I remember Marilyn Hollis.

I remember loving Marilyn Hollis. I remember poison, I remember those sons of bitches shooting the love of my life, killing Marilyn Hollis. If I should die here in this place in this minute in this bed . . .

There must be fifty at least, don't you think?

At least.

Let's dance, Marilyn.

Marilyn?

Would you care to dance?

May I have this last dance with you?

Bryan Shanahan, the detective who'd caught the Martha Coleridge murder downtown, could find no indication that anything had been stolen from the old lady's apartment. So he had to assume someone had broken in there looking for something to steal and—when he hadn't found anything—had turned on the old lady in rage. That sometimes happened. Not all your burglars were gents. Matter of fact, in Shanahan's experience, not any burglars were gents.

He went back to the apartment that Wednesday afternoon without his partner, first of all because he didn' t want the burden of answering a rookie detective's interminable questions, and second because he thought better when he was alone. This wasn't what he would categorize as a difficult case, some junkie burglar breaking in and messing up. At the same time, it wasn't a simple one because the killer—whoever he was—hadn't left anything for them to go with. No latents, no stray fibers or hairs— which in any case wouldn't have done them any good unless they caught somebody to run comparisons on.
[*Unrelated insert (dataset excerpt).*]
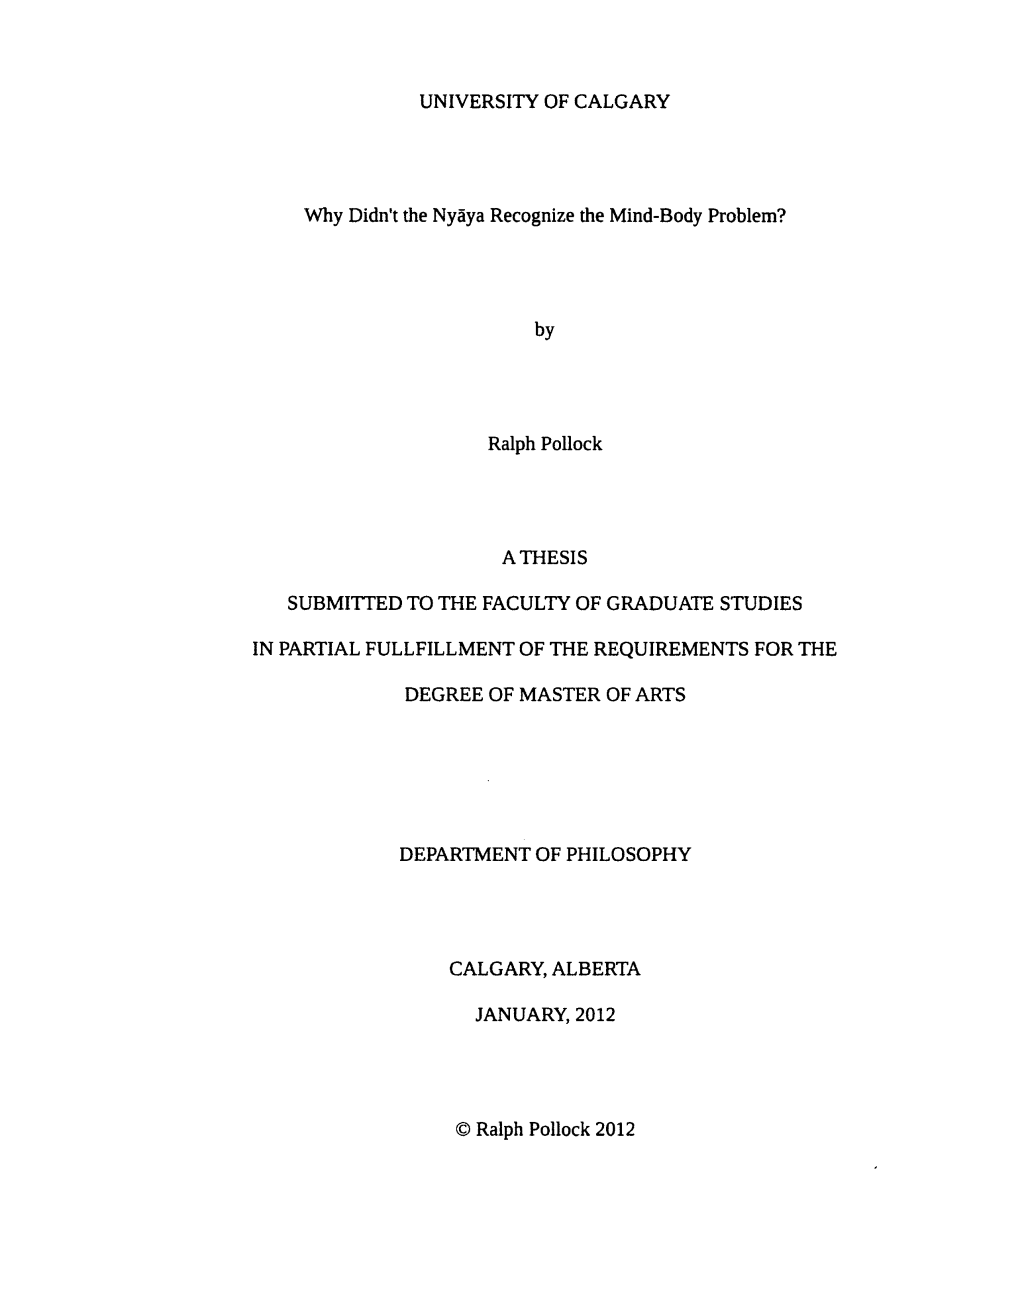 By Ralph Pollock a THESIS SUBMITTED to the FACULTY O

Maybe he went back alone because it annoyed him that somebody had killed a lady old enough to die without any outside help. Or maybe he went back alone because while he was reading Martha Coleridge's play he'd fallen half in love with the farm girl who'd migrated to America from England's East Midlands. Maybe her play had given him a little insight into age and aging, death and dying. Looking down at the fragile old lady with the broken neck, he'd never once considered that once, a long time ago, she might have been a spirited and beautiful nineteen-year-old who' d come to this city and discovered a world beyond her bedroom window. For a long time now, a corpse had been only a dead body to Bryan Shanahan. All at once, reading Martha's play, a corpse became a human being.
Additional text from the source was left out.